» **EXERCISE PROMPT**: Write out every line of the material as it stands, apart from the pictures.

» **GIVEN INFORMATION**:
....................
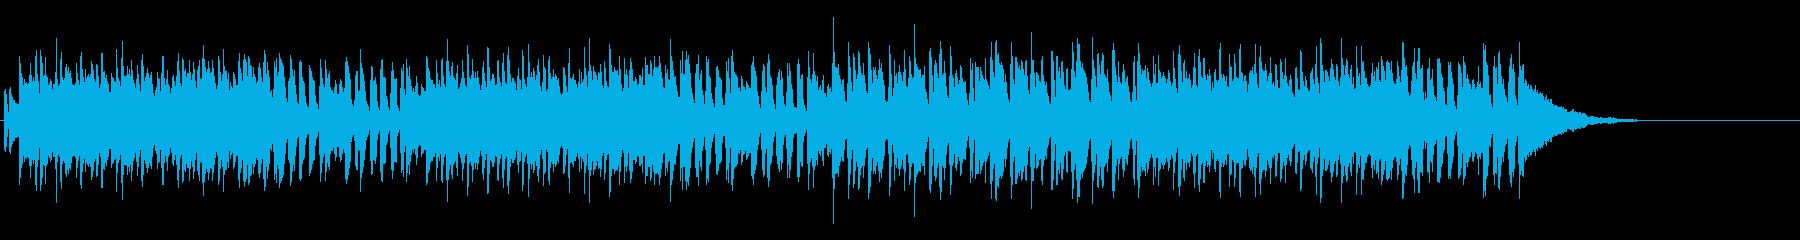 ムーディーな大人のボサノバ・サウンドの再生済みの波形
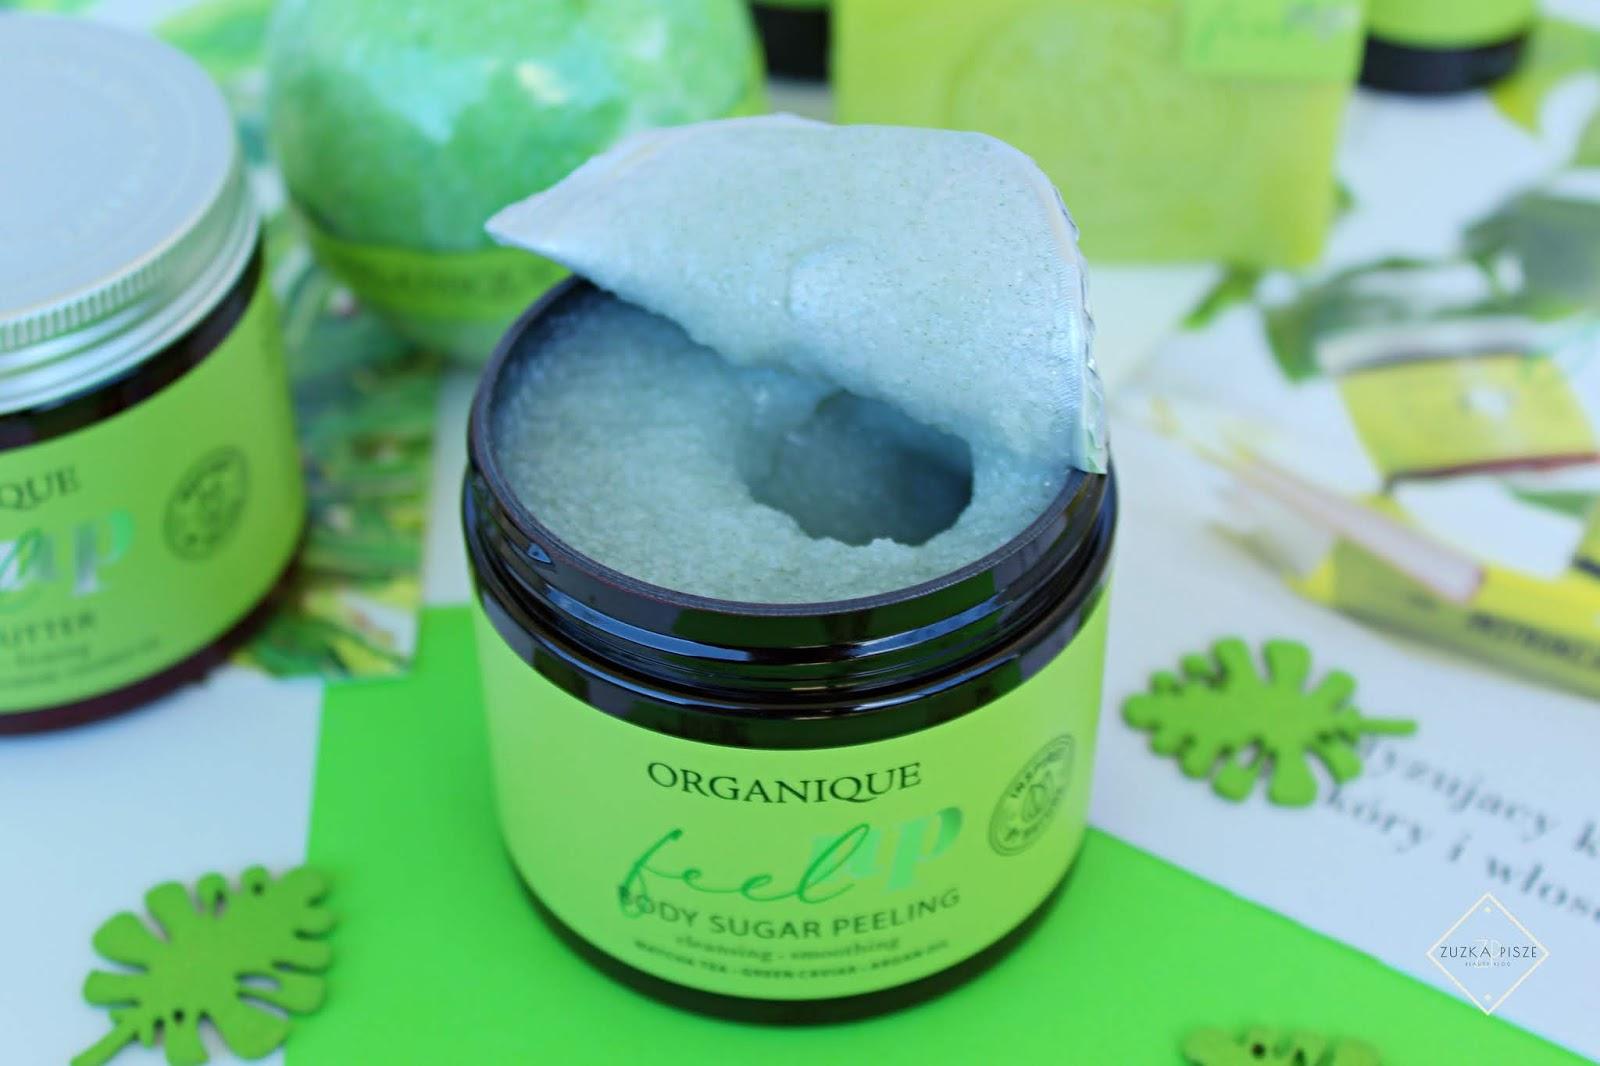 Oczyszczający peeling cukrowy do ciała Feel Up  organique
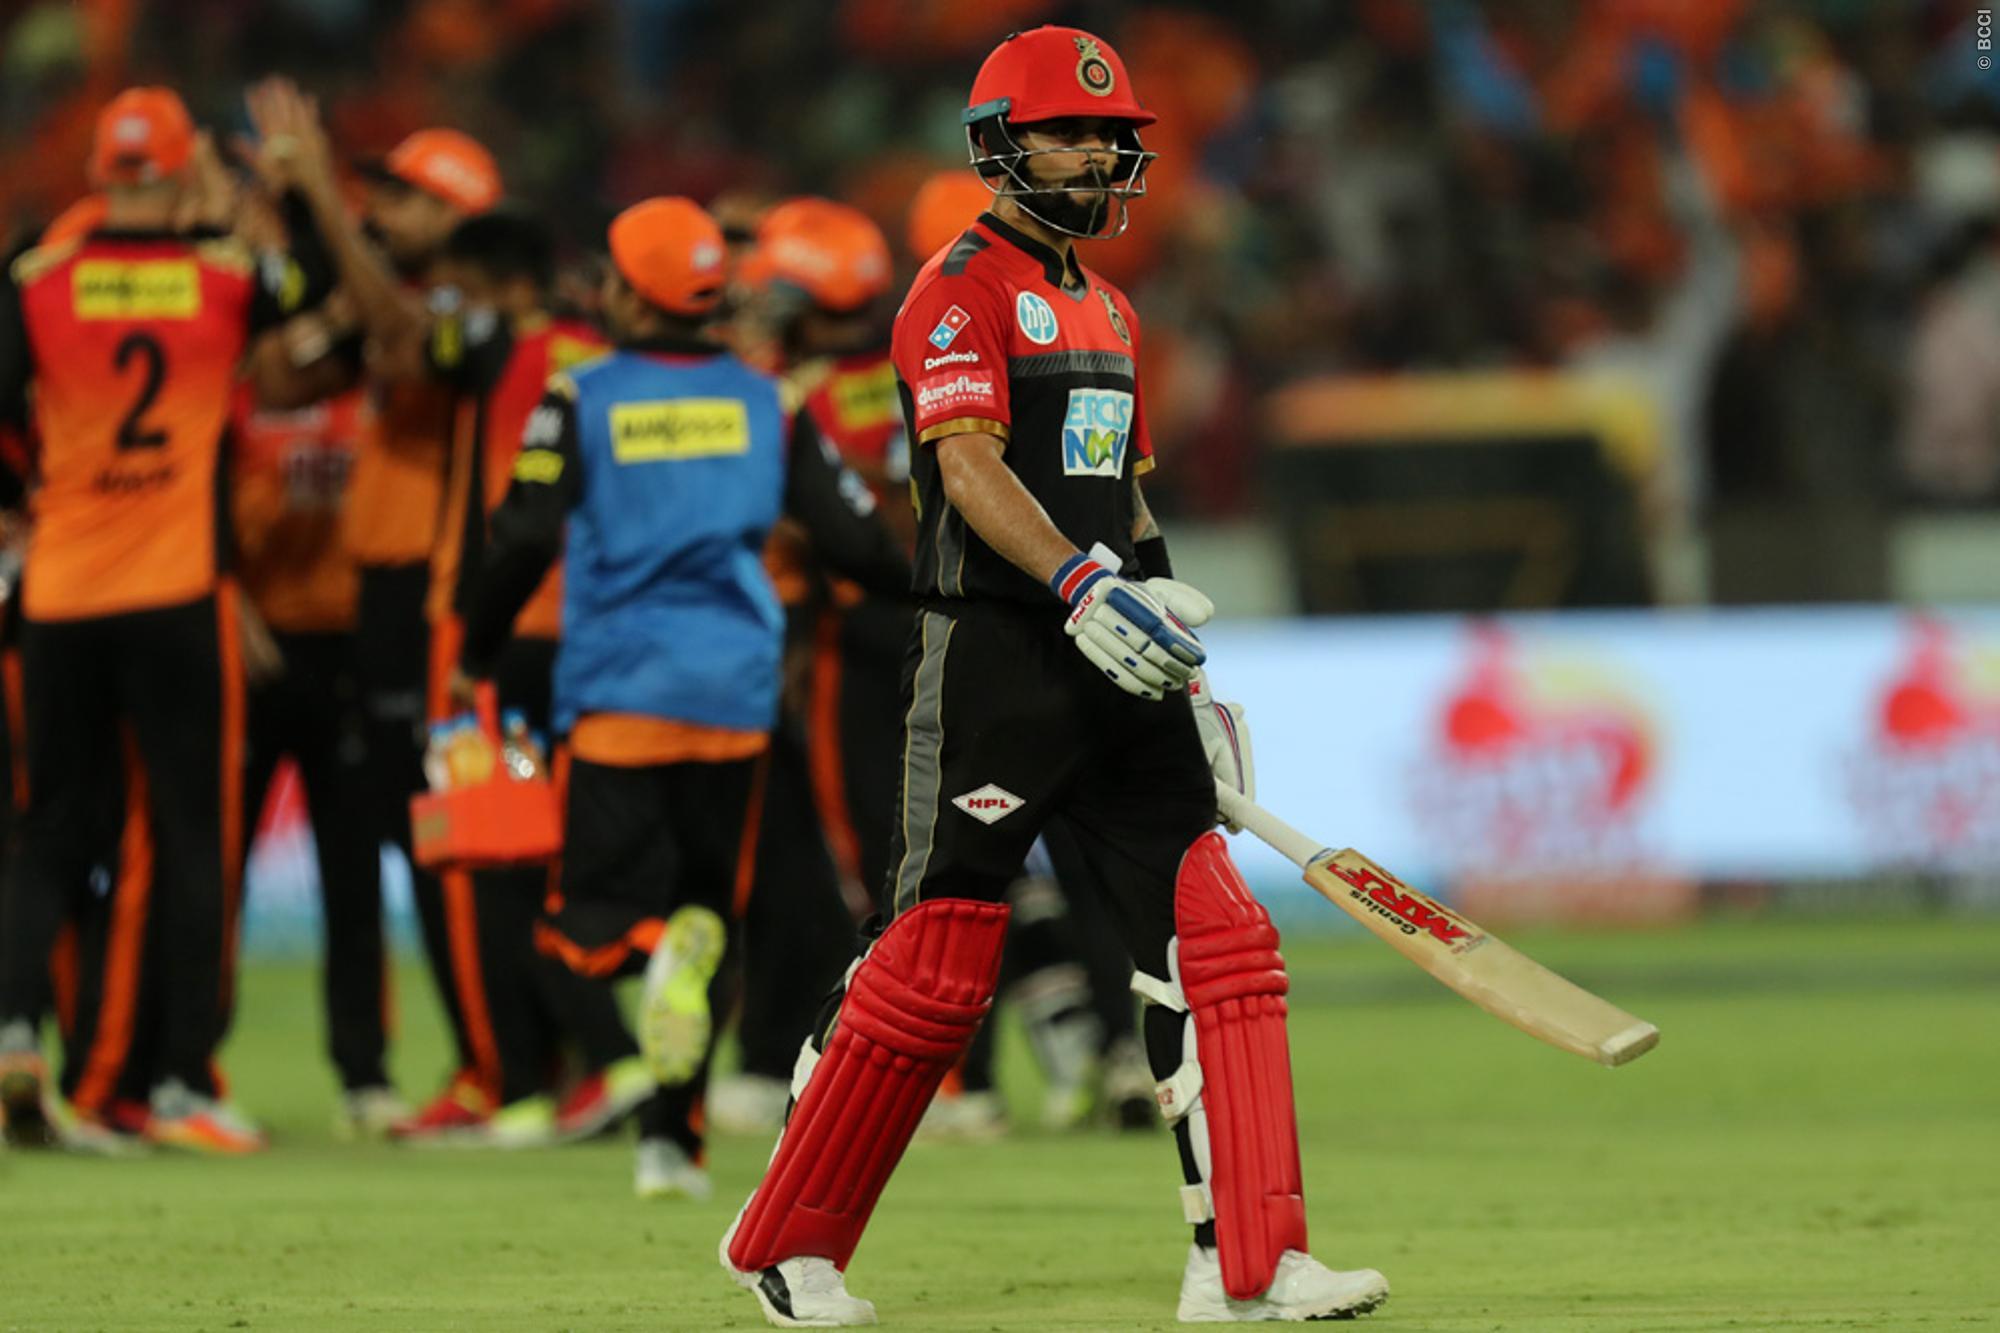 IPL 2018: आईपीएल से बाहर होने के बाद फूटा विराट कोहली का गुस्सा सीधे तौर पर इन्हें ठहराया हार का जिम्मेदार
....................
» **ANSWER BOX**:
 ムーディーな大人のボサノバ・サウンドの再生済みの波形
 Oczyszczający peeling cukrowy do ciała Feel Up  organique
 IPL 2018: आईपीएल से बाहर होने के बाद फूटा विराट कोहली का गुस्सा सीधे तौर पर इन्हें ठहराया हार का जिम्मेदार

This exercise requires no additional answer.